An Incredible First Day at Wrangel Island

Wrangel Island: Across the Top of the World

For our first morning at Wrangel Island we set out on a walk across the dwarfed meadow of tundra splashed with reds, yellows and whites from the many seed-heads, flowers and fungi and accompanied by beautiful birdsong from small groups of Snow Buntings flitting around us. At our feet a Collared Lemming scurried through the vegetation like a tiny clockwork toy, while an Arctic Fox trotted by on the look-out for lunch, only to be dive bombed by a Long-tailed Skua, trying to make sure its chicks didn't become that meal. Several times, evocative calls from above drew our eyes skyward to formations of Snow Geese, part of the million or so that migrate to Wrangle Island each summer to breed. The remote island was certainly living up to its reputation as one of the most ecologically diverse places in the entire Arctic.

We walked a ridge line, with fine views on one side along the coast, on the other to the low mountains inland. As we approached a herd of Musk Oxen, one of the adult females walked passed only 50 metres away, allowing us a great view and detailed photos of one of these shaggy, prehistoric-looking creatures.

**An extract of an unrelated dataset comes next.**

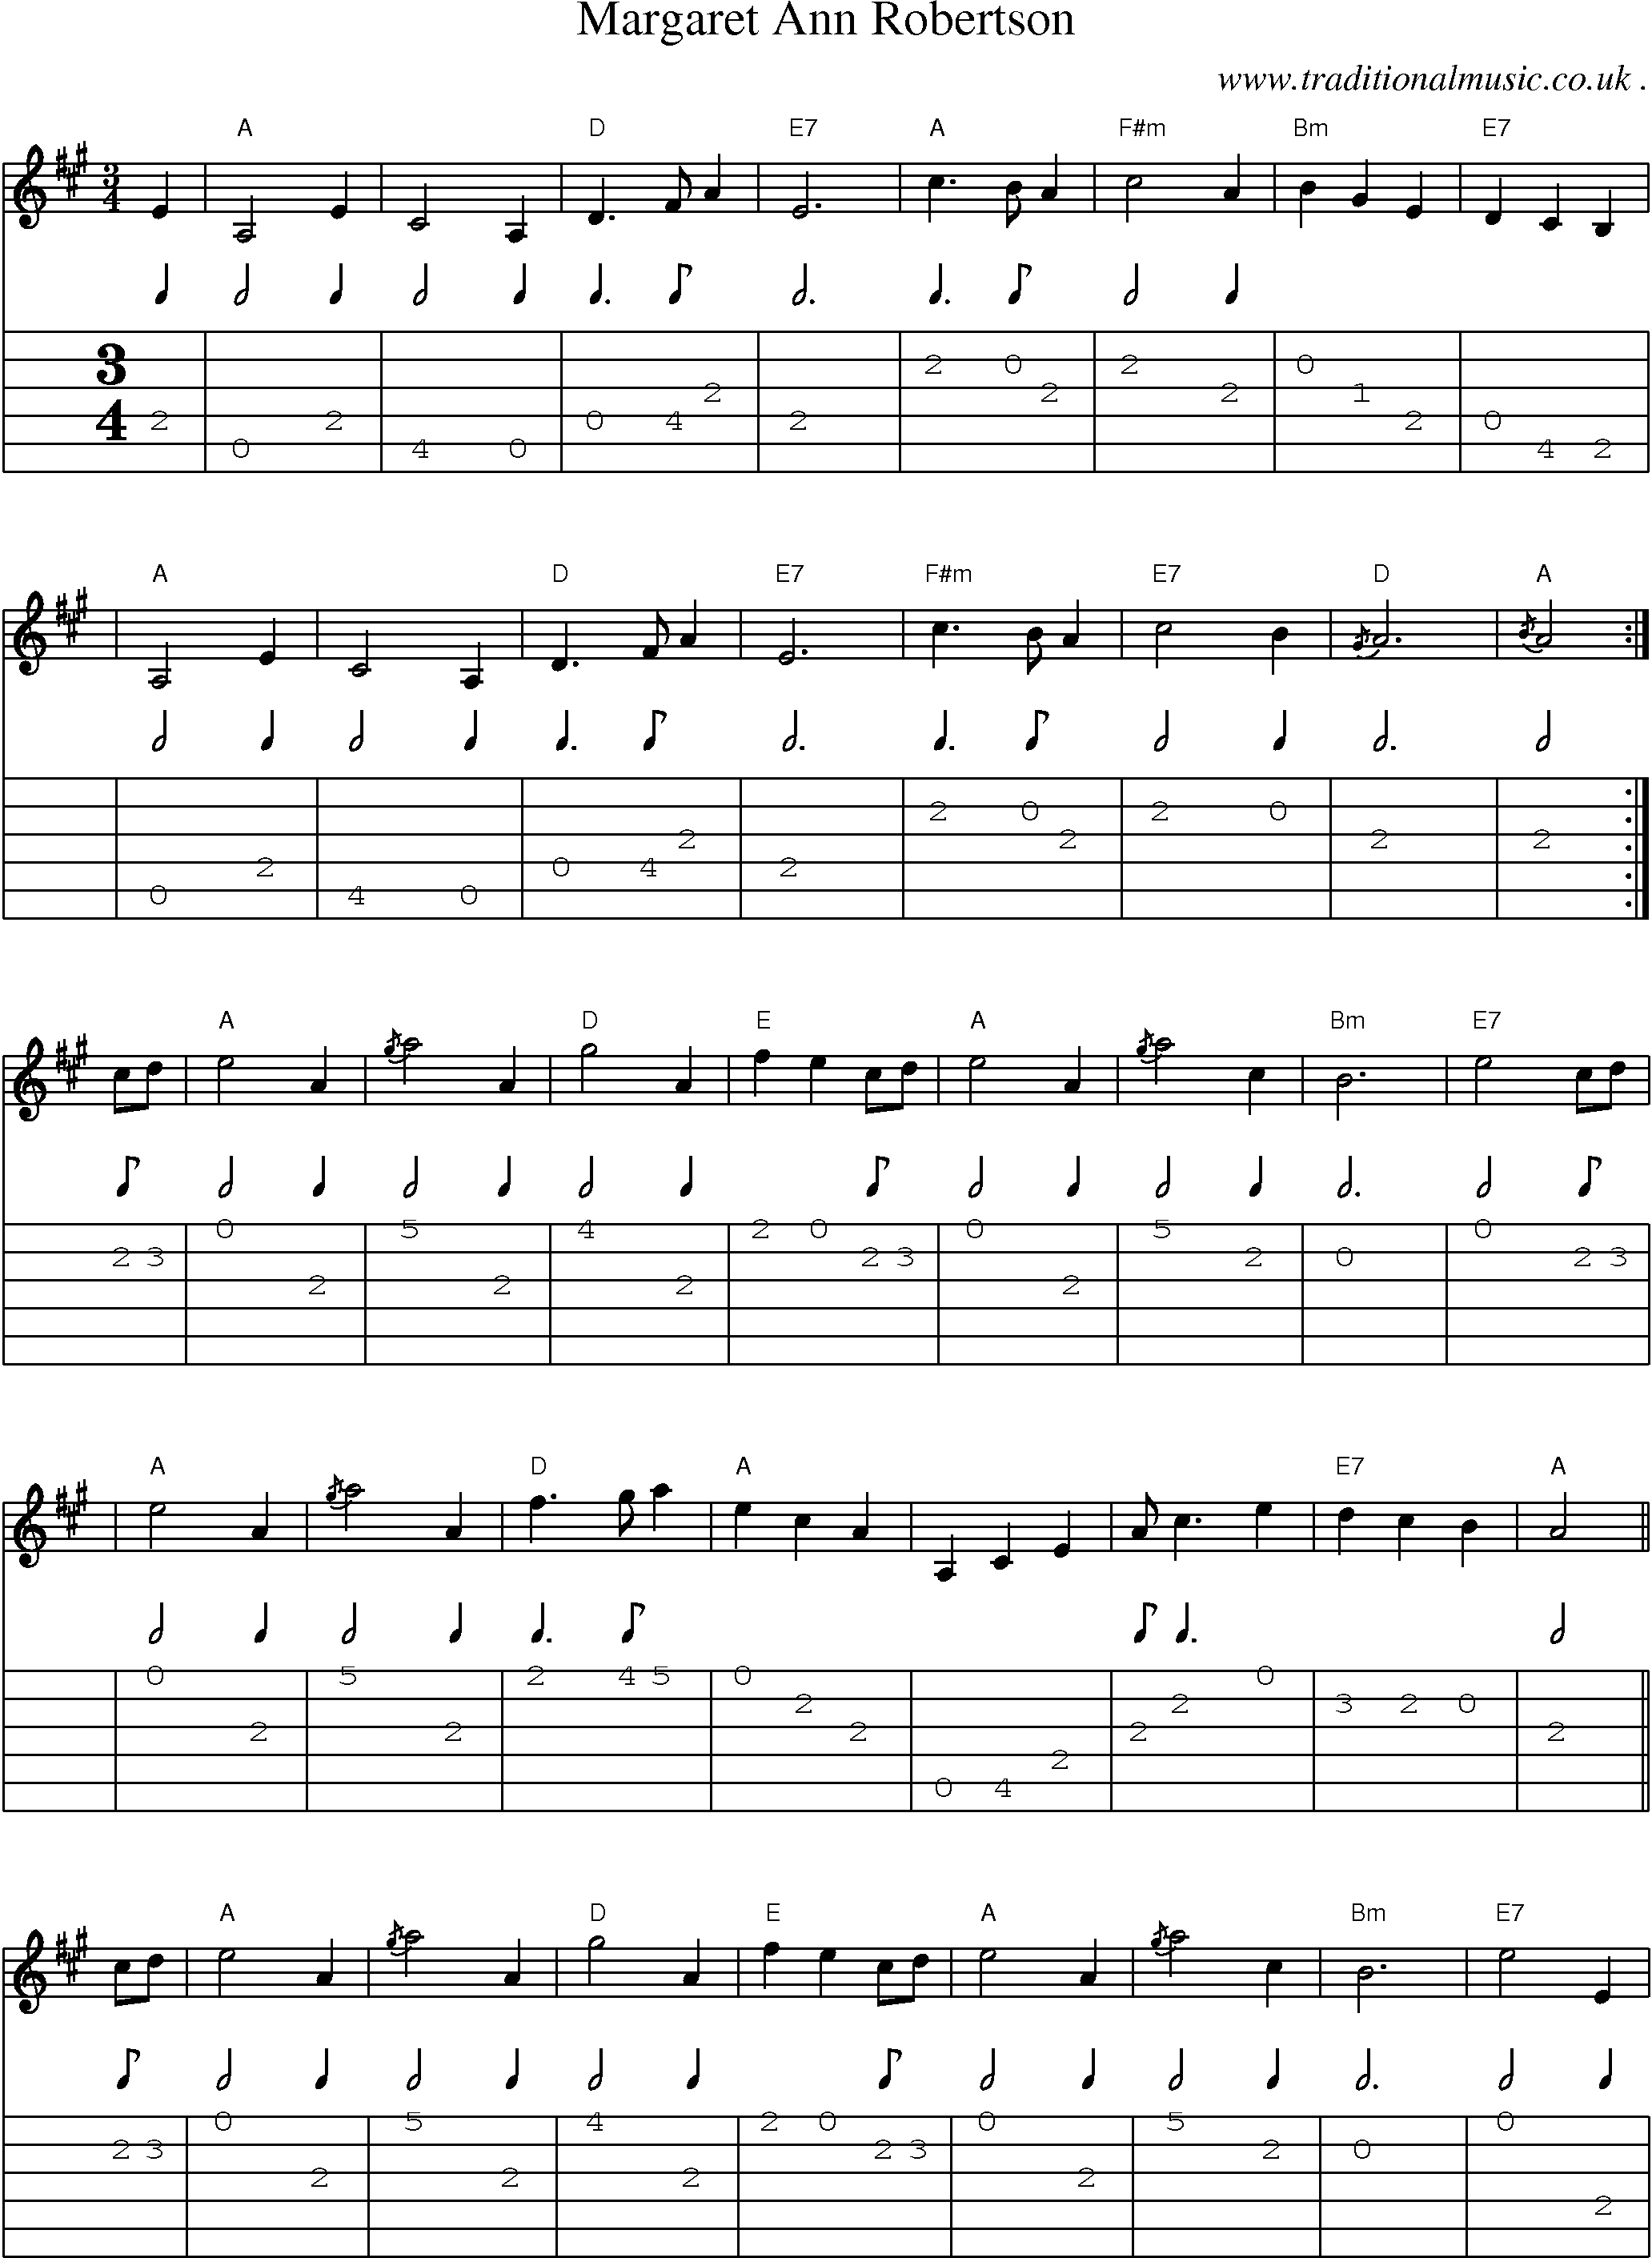 Sheet-music  score, Chords and Guitar Tabs for Margaret Ann Robertson

During our walk we were relieved that the eight Polar Bears we'd earlier spotted from the ship kept their distance, allowing us to roam freely over the tundra, with the rangers from the island. Later in the day we were rewarded with closer encounters. Our afternoon Zodiac cruise took us to see three large Polar Bears resting on the pebble beach at Cape Blossom, with the bonus of Gray Whales surfacing all around us.

However, our best Polar Bear experience was in the evening when we encountered pack ice with bears, including a female and two cubs. We drifted with the family as they travelled over the ice, leaping or swimming from floe to floe, the cubs closely following their mother's actions while a low sun provided beautiful light for photography.

For about an hour the bears ignored us, behaving entirely naturally. Then, suddenly, they became intensely curious and walked right up to the ship. They raised their eyes and looked straight up at us, just a few metres away. Our minds buzzed with the thrill of such a close encounter with a family of wild Polar Bears. Ten minutes later, curiosity satisfied, they ambled off across the jumbled ice. At that moment the sun hit the horizon and, with a final blaze of glory, sunk into an icy, orange sea.